Irrespective of which tensorflow we depend on we still need python>=3.8 to run the library's latest version 0.4 on Kaggle
cc: @jbischof @LukeWood
Irrespective of which tensorflow we depend on we still need python>=3.8 to run the library's latest version 0.4 on Kaggle
cc: @jbischof @LukeWood
@LukeWood the library throws without 2.11 (link).
Gah— that’s right. We bumped it to allow StableDiffusion to use the keras core group normalization
@abheesht17 be aware the force update in kaggle env for some package (i.e. tf), unlike colab env. Sometimes it may work, and sometimes not (quote), which may lead bad UX.
Apart from that, IMO, to reach kaggle community, someone just need to publish high scored kernel for an onging competition (1st condition). 2nd, others (flexibility, reproducible etc). Same goes for KerasCV too.
Whoops, just saw the rest of this thread. Yep, I agree with you. The hacky solution was never meant to be a permanent/failsafe solution, just a quick solution so that we could start working on a few examples and publish them on Kaggle. "Text Classification with FNet" worked...and I think most of our initial examples will be sequence classification-related. We might run into issues with seq-to-seq tasks though.
P.S.: In the example, we compare FNet with a vanilla Transformer model. This implies that the MHA layer works fine with TF 2.<whatever-version-is-on-Kaggle-I-don't-remember-now>. Since MHA is the backbone on which almost all KerasNLP models rely, I am assuming they will work fine as well.
P.P.S: One important thing we might want to check is whether our preset models work fine.
P.P.P.S: Just saw your comment on TF 2.11 being merged. Woohoo :)
:)
@mattdangerw @jbischof @abheesht17 @innat I'm working on Semantic Similarity with BERT, which is an official keras-io tutorial but built with Huggingface.
I'm trying to reproduce it with Keras NLP. Here is the notebook. Couple of extra things I am trying on :
I faced this weird IndexError upon calling model.fit(), could you please take a look ?
Have you ensured the version of relevant packages (tf, transformer, etc.)?
I'm not using transformers. And I don't think that this should be due to some version mismatch, anyways let me confirm it by running it on local !
@innat I verified it on my dev environment, the same error is being raised, so it's not the issue of version mismatch.
@mattdangerw can you help ?
Hey I fixed it up ! The notebook is ready, I'm thinking of opening a PR in keras-io
https://www.kaggle.com/shivanshuman/semantic-similarity-with-bert
PS: Opened a PR on keras-io
@shivance [to inform], tf 2.11 is available now in kaggle env. You may not need to install tensorflow.
@shivance [to inform], tf 2.11 is available now in kaggle env. You may not need to install tensorflow.

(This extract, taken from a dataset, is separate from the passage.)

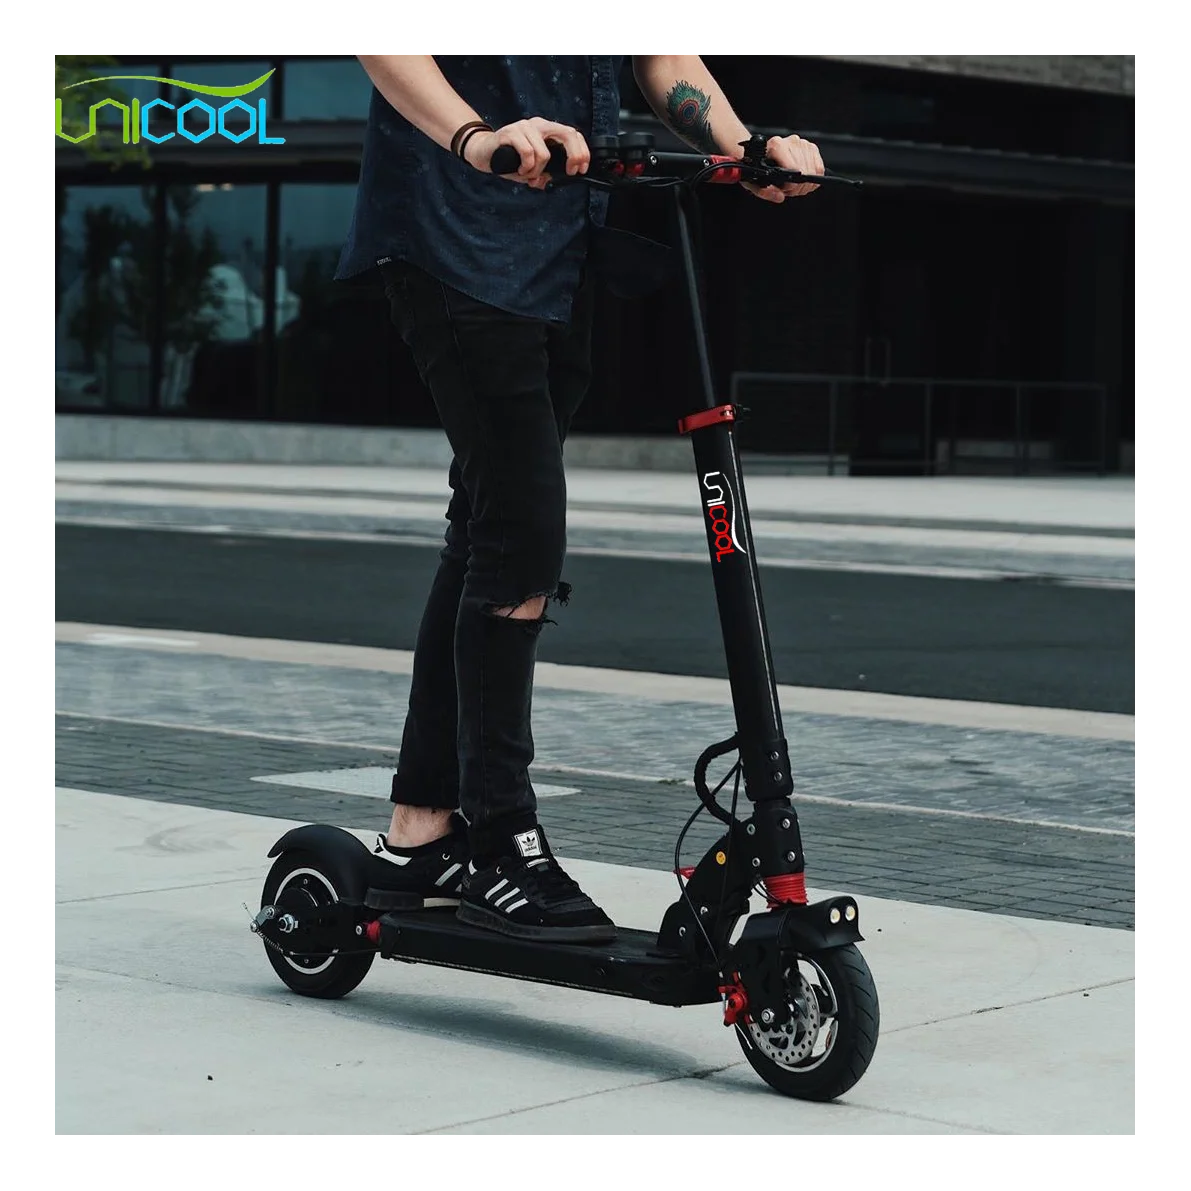 Unicool escooter boosted 600w 48V rev electric scooter e step for zero 9

By default, for me, it showed tf 2.9, as far as I remembered on what we discussed, we are using tf>=2.9 now for keras nlp
By default, for me, it showed tf 2.9
Make sure you set 'always use latest environment`.
Thank you! And yes! We would absolutely love to publicize more on Kaggle.

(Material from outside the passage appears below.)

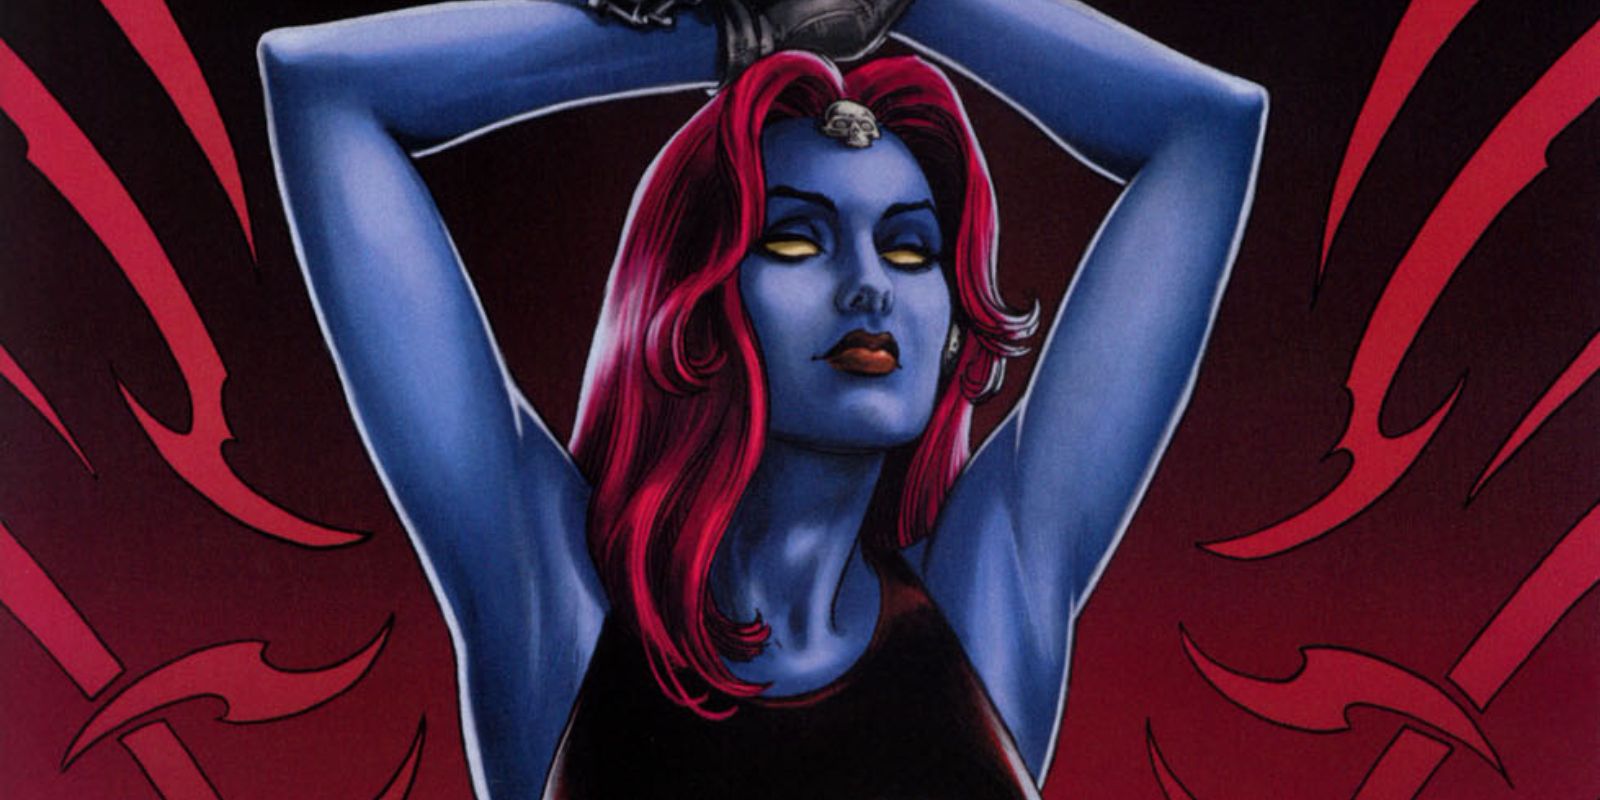 Mystique posing with arms raised in Marvel Comics

@mattdangerw Looks like it has already started 😄
We're working on an upgrade to py3.10: https://github.com/Kaggle/docker-python/pull/1231
May still take some time before this is publicly available on Kaggle but just a heads up.
Thanks @djherbis , Python version has been bumped to 3.10 on Kaggle with public announcement on discussions 7hrs ago. Now we can finally stop using the workaround for KerasNLP on Kaggle (thanks @abheesht17 for it while we needed keras-nlp to run on Kaggle with 3.7).

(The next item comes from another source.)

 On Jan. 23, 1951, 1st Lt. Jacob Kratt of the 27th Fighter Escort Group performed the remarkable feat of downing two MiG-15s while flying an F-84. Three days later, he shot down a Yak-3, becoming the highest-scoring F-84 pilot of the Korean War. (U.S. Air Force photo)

@mattdangerw do you think we should put a PR to Kaggle for pre-installed KerasNLP ( it will be adding a pip install keras-nlp on Kaggle docker images's requirements file)
Cheers !
kerasNLP library is very new and under heavy development. It differs from huggingface in its core philosophy. But I didn't find many people using it yet (maybe because it's still in 0.x.x) ?
Describe the solution you'd like Clearly it requires more attention of the community. Better and in depth tutorials is the need of hour. Apart from keras-io tutorials, Kaggle can be a good place to start publicizing the Library.
What is curated list of topics that you would like to see tutorials or wishlist ?
I'm Notebooks Master at Kaggle, and would love to write kernels on kerasNLP.